ALEX BRUMMER: British firms that dream of making it big on Wall Street should be careful what they wish for
Wall Street’s appeal to UK companies seeking higher valuations, independence from UK corporate governance standards and more generous executive pay is understandable.
These factors all played a role in SoftBank’s pivotal decision to resell Arm Holdings in New York and Tarmac owner CRH’s decision to relocate to the United States.
Other would-be emigrants, like medtech giant Smith & Nephew and banker HSBC, peeked over the fence and decided to stay put.
Cambridge-based biotech Abcam was among those who decided to make the Nasdaq route.
The company’s antibody discoveries are used by 750,000 researchers around the world. It is an important link in the life sciences chain, which is a great boon to researchers working on oncology treatments.
Dog eats dog: When smaller, innovative British companies make the decision to go west on Wall Street, they have to be careful about what they wish for
Veteran fund manager Richard Buxton warned of the “very sad state” of UK stock markets in an FT interview this week ahead of his retirement after four decades in the City.
He argued that it could be “many years before declining London markets are reversed”. However, he failed to point out that the main reason for the decline is not only the allure of Wall Street, but also the UK’s extraordinary willingness to sell its crown jewels to the highest bidder.

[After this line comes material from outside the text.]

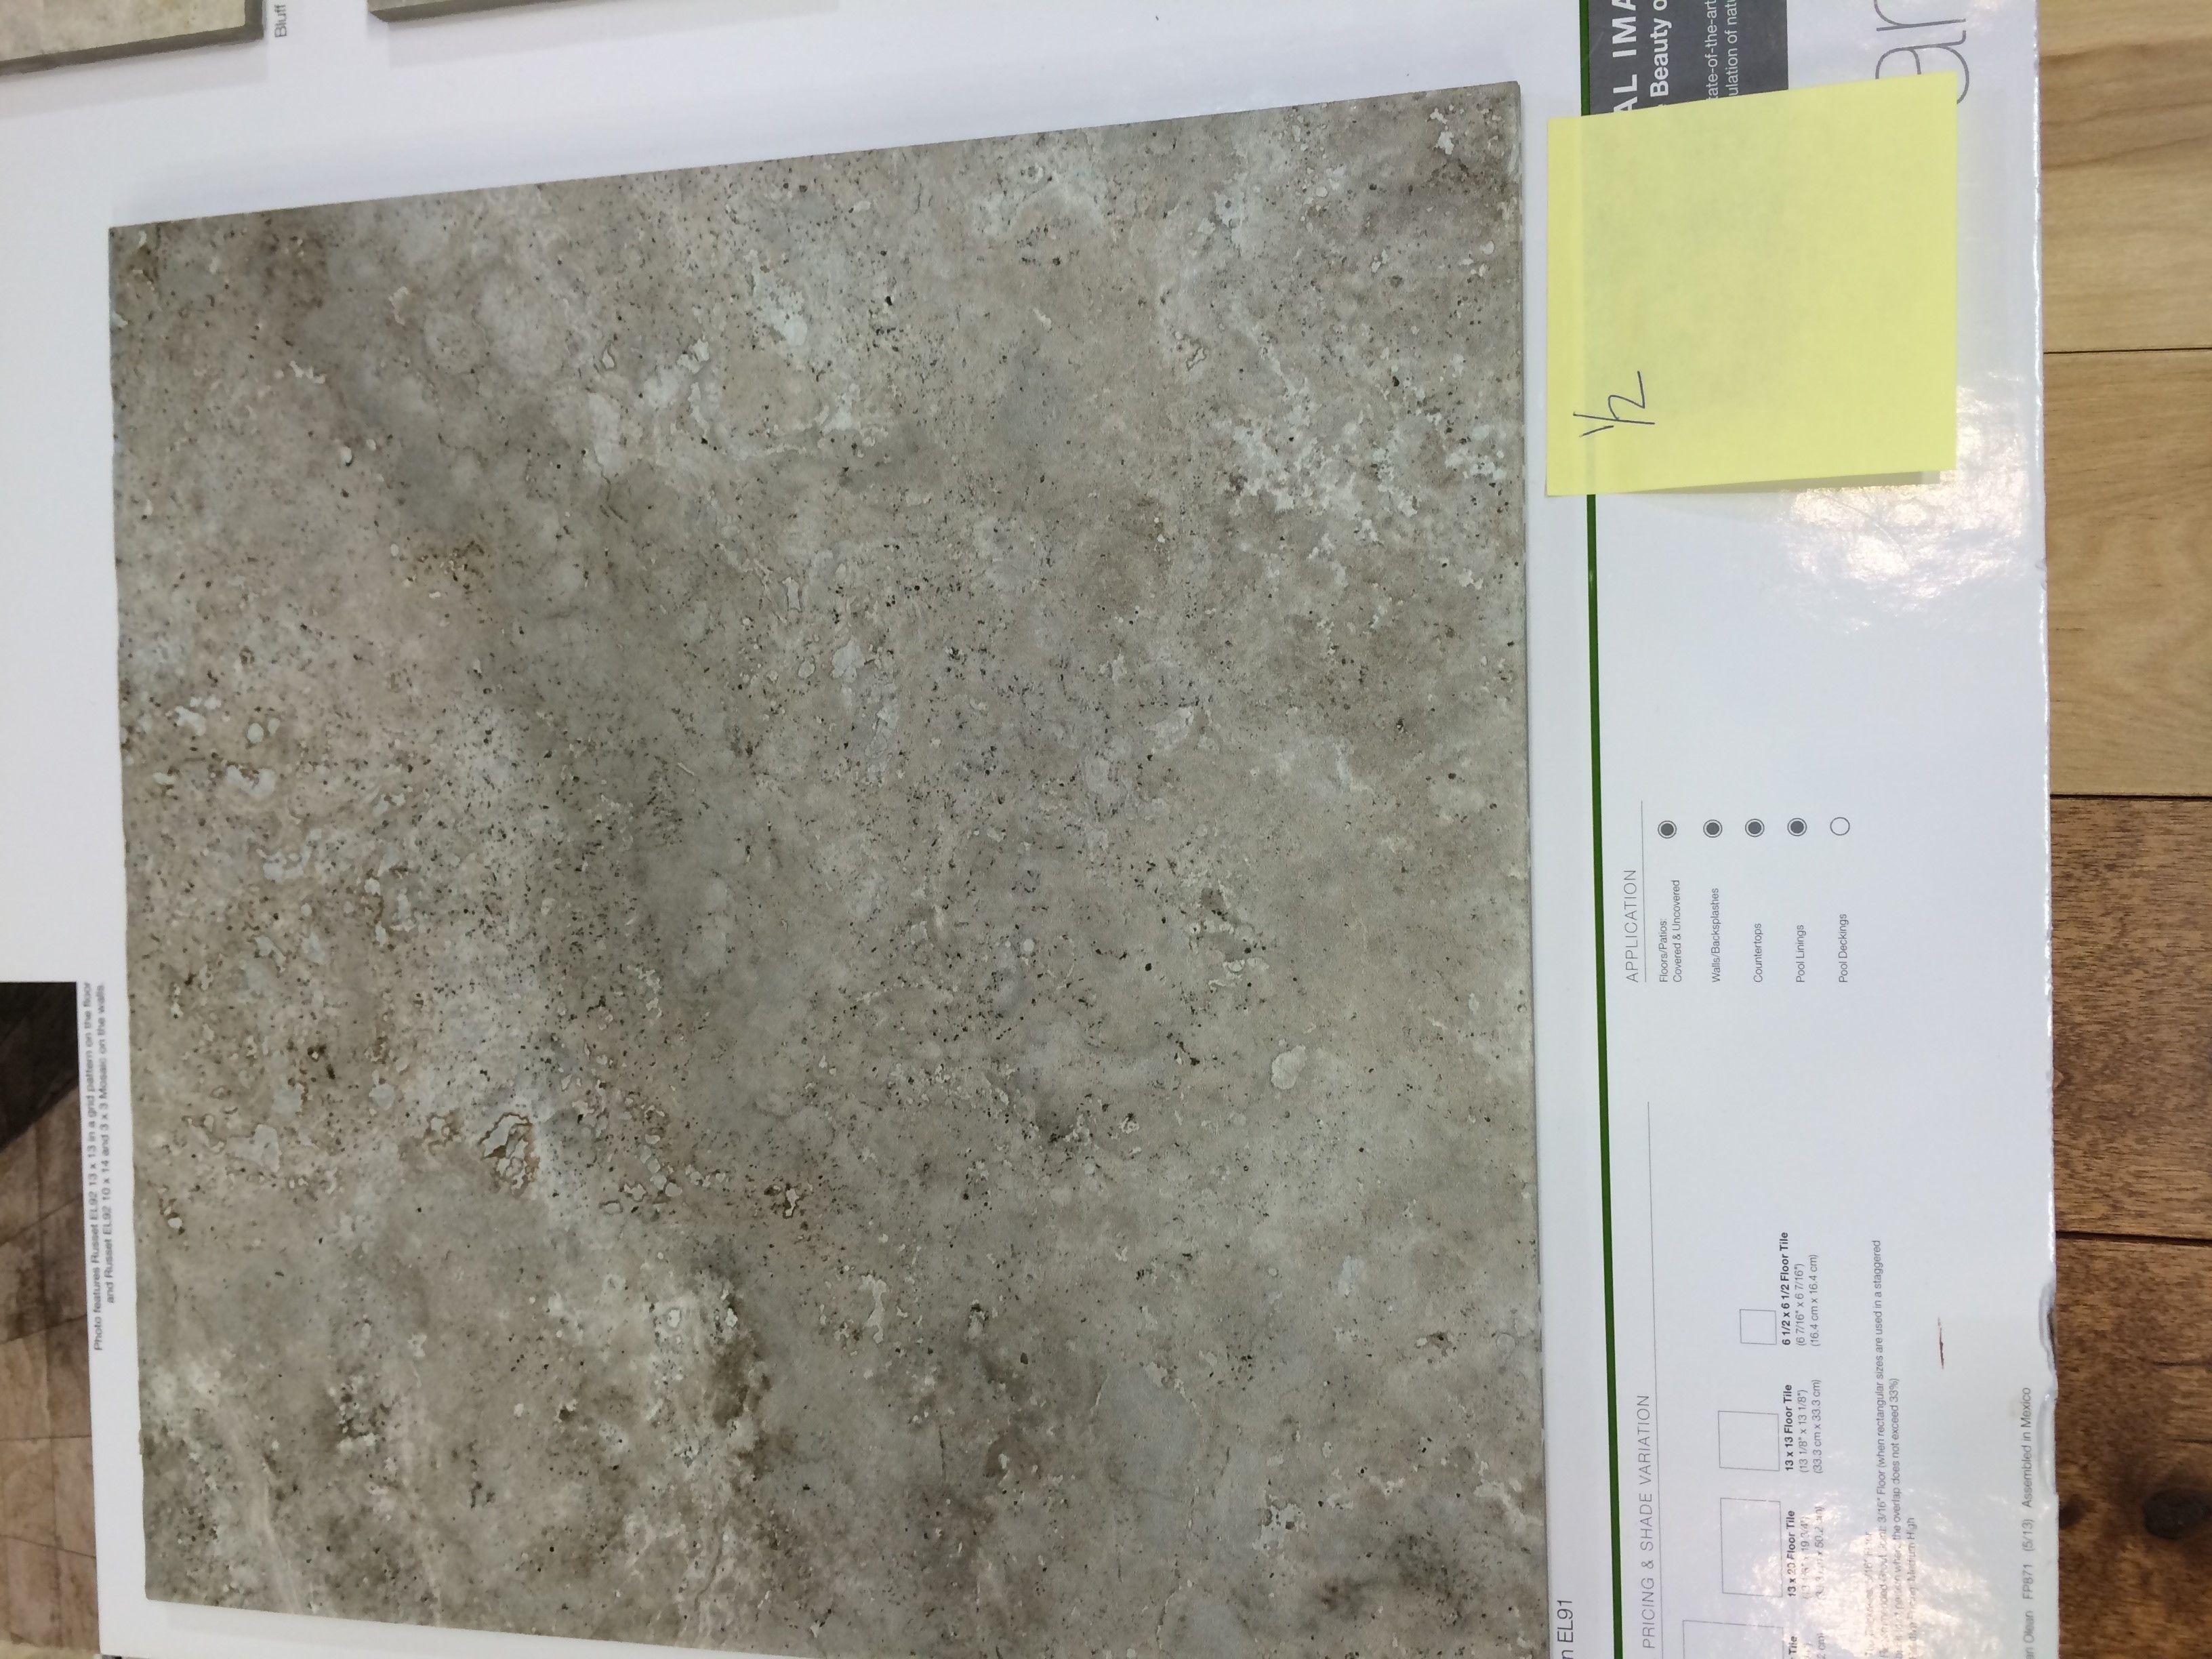 Powder bath tile
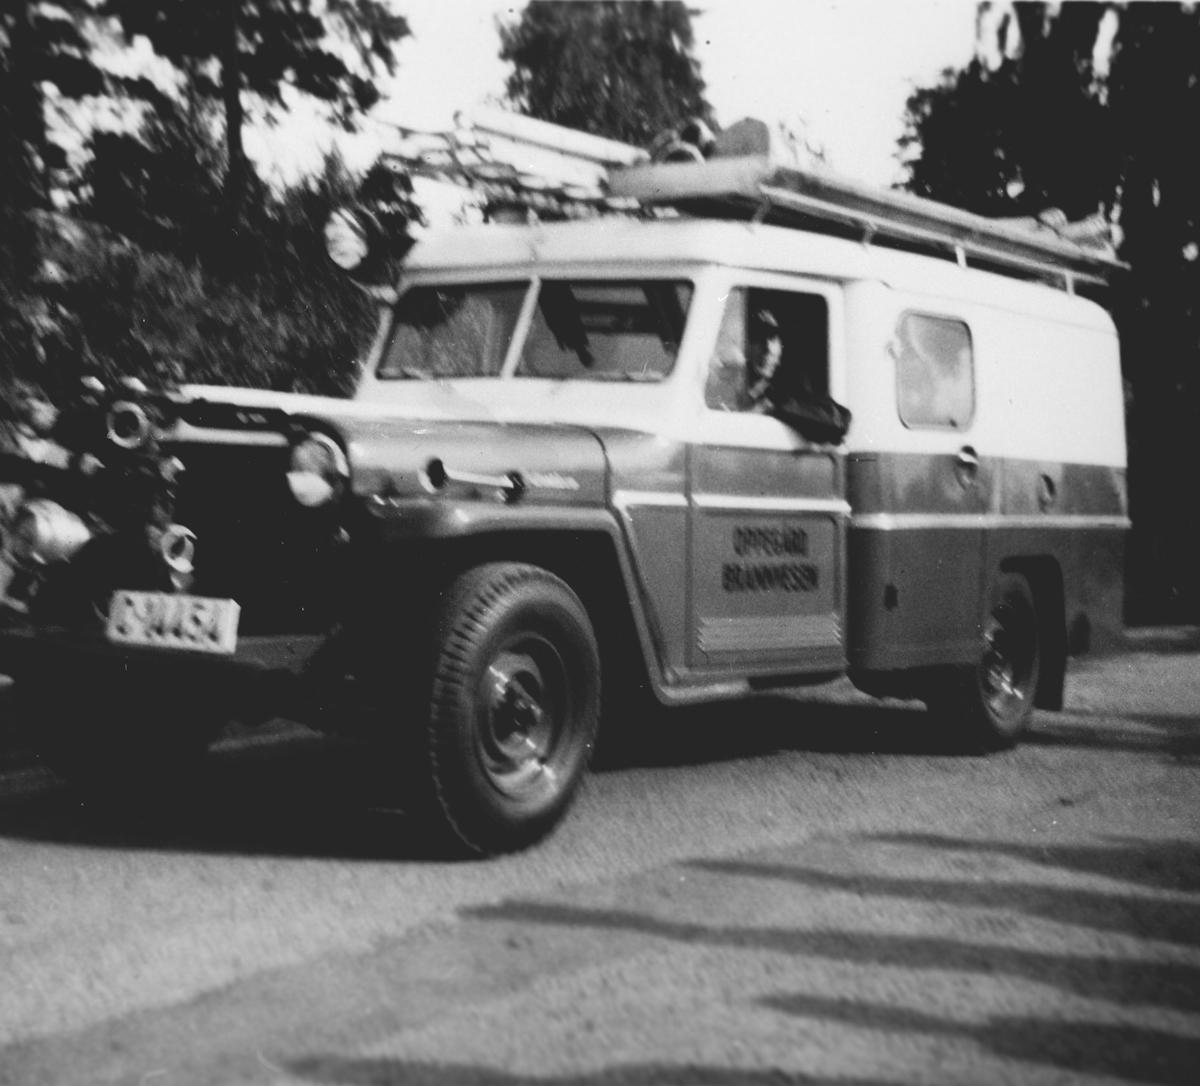 Opptog i forbindelse med Oppegård kommunes 50-års jubileum. En bil fra Oppegård Brannvesen (av merke Willys).

That’s why so many of our mismanaged utilities, from water to electricity to airports, are in foreign hands, betraying the legacy of the Thatcher privatizations.
Of late, the London stock market has also had to face challenges from activists. That reminds me of Elliott Advisors’ undeserved criticism of Emma Walmsley, CEO of GlaxoSmithKline, and Nelson Peltz’s idea at Unilever.
Activism is far more pronounced on Wall Street, and there are even mutual funds that specialize in buying stocks based on early regulatory filings.
When smaller innovative companies make the decision to go west, they need to be careful about what they wish for. It wasn’t long before Abcam fell victim to the activists.
A disappointing stock price performance in the US drew unwanted attention not only from activist Starboard Value but also from company founder Jonathan Milner, who owns 6 percent of the shares.
Instead of the board of nodding directors – led by chairman Peter Allen – tackling the defense of Britain’s science and innovation, there was little opposition to an offer.
With an offer of $24 per share (£19), a valuation of £4.5 billion and rebellious investors, the company found a £150 billion offer from Danaher irresistible.
The streets of New York now seem to be paved with gold. But during its short stint on Wall Street, Abcam’s genius went largely unnoticed as the stock plummeted.
As is often the case with a proposed new owner abroad, Danaher tries to ward off criticism from the start. A less clear press release states, “Abcam is expected to operate as a separate operating company and brand within Danaher’s Life Sciences segment.”
Perhaps. But Abcam is a key player in the UK’s world-leading life sciences sector and it is a terrible waste to see the company, its scientists, engineers, patents and innovations fall into the hands of a foreign medical group.
Losing a stock market price for a UK-headquartered company to the US is always a major blow. But with foreign ownership comes command and control.
The sale acts like a powerful vacuum cleaner, sucking out the best and brightest overseas, diminishing the importance of a UK head office and allowing corporation tax to trickle away.
The Tories’ attempt to return Arm to the UK failed. Now they have a new opportunity to show they are serious about delivering on Jeremy Hunt’s promise to make the UK the next Silicon Valley.
There will be claims that Abcam needs the investment capital that its prospective owners wish to provide.
These are exactly the sort of companies that could have benefited from the London Stock Exchange’s new ‘middle’ fundraising platform if they hadn’t left the City in the first place.
Business Secretary Kemi Badenoch has an opportunity to show the government is ready to scrutinize foreign deals and ensure they work in the broader public interest by invoking the National Security & Investment Act.
No other G7 country would allow valuable science and biotechnology to leak abroad so easily.